Zeitgeist


Sein oder Schein?

‚Sein oder Schein’ oder ‚Schein oder Sein'?

Von Karl L. Agerfeld

Mehrere Frauen haben mir in meinem Leben gesagt, ich solle etwas mehr auf passende Kleidung achten. Solche Ansagen habe ich immer mit einer mir eigenen Mischung aus Verständnislosigkeit, Beleidigtsein und unterschwelliger Entrüstung registriert: Eben passend zu meiner Kleidung.

Als wandelnden Kleiderständer für irgendwelche „brands“ habe ich mich nie verstanden und deshalb auch ein absolutes ‚Null’-Verständnis, wenn sich unsere hoffnungsvollen ‚kids‘ auf dem Schulhof gegenseitig wegen angeblich falscher Kleidung mobben und dabei auch noch ihre sozialen Herkünfte ansprechen. Wer seinen Sozialstatus mit dem Namenszug eines Klamotten-Schneiders belegen will, ist eigentlich eine arme Sau, die mit seinem gestylten Äußeren von sonstigen Defiziten ablenken will bzw. muss.

Und so treffe ich dann häufiger auf elegant gestylte Damen und Herren, die so lange ein Hingucker sind, bevor sie ihren Mund öffnen und schon mit wenigen Sätzen sich selbst enttarnen: Als relativ hirnfreie Mode-Dackel. Dennoch respektiere ich diese Leute: Jeder braucht doch eine Performance, um sich irgendwie individuell und nicht langweilig zu präsentieren.

Ein befreundeter Rechtsanwalt trägt vornehmlich englische Tweed-Sakkos, lädt zu Hauskonzerten und pflegt britischen Herrenclub-Lifestyle. Englisch spricht er nicht und um 18 Uhr trinkt er auch keinen Scotch, weil er mittags schon etwas anderes getrunken hat. Das befähigt ihn für den Rest des Tages zu rhetorischen Satz-Fragmenten, die inhaltlich und grammatikalisch auf dem Schulhof-Level der oben beschriebenen ‚kids‘ liegen. Mir wirft er immer vor, ich würde mich zu schlicht kleiden.

Ich kaufe meine Klamotten in Bonner Bekleidungsläden am Marktplatz, billig sind die nicht, aber man kann es vor Ort anziehen, prüfen ob es passt und gewinnt auch sofort den Eindruck, ob es einem steht.

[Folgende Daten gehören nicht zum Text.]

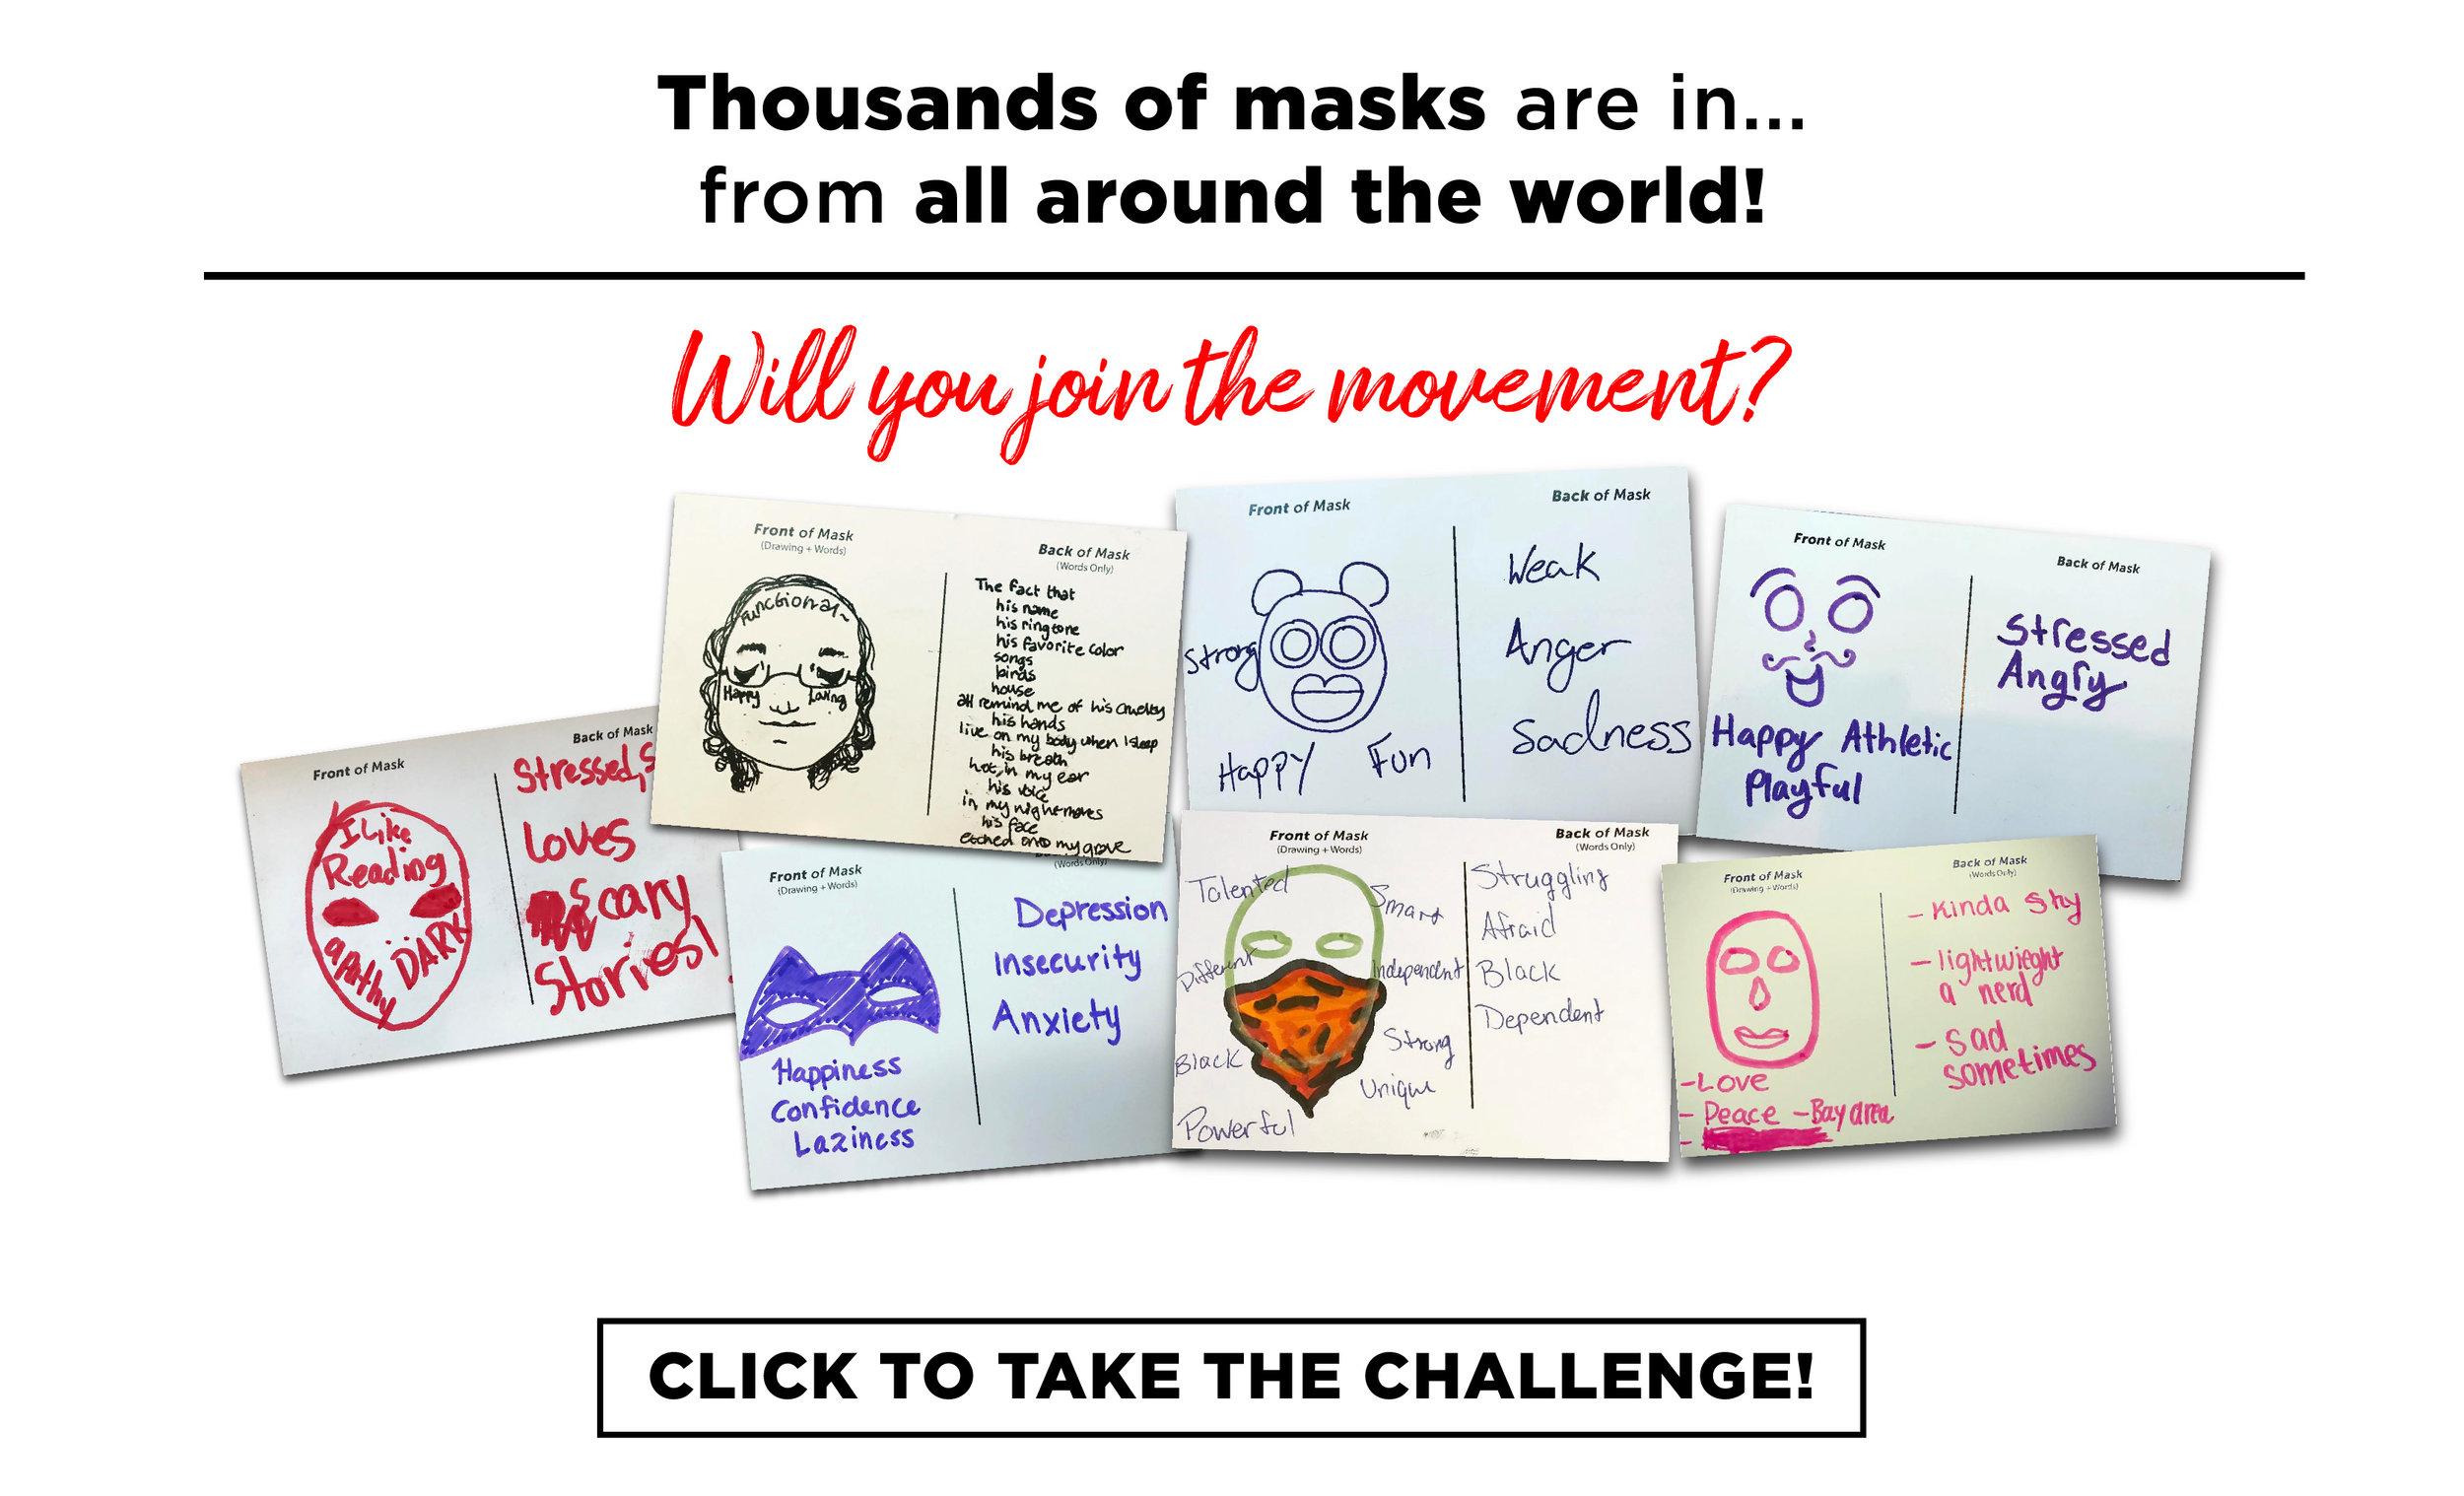 Masks from around the world promo-01.jpg

Wahrscheinlich habe ich aber einfach keinen besonders ausgeprägten Modegeschmack, da hatten die mich scheltenden Damen wohl Recht und wie mein Anwalt meine Garderobe findet ist mir ebenso gleichgültig wie ein im 73. Stock des Empire-Buildings in New York klemmendes Rollo.

Letztlich entscheidet jede(r) selbst, womit er/sie sich blamiert: Das funktioniert mit extravaganter Kleidung und natürlich auch mit dümmlichem Geplapper. Da bleibt in diesen wirren Zeiten nur noch der Wunsch: Bitte mehr ‚brain‘ als ‚brand‘!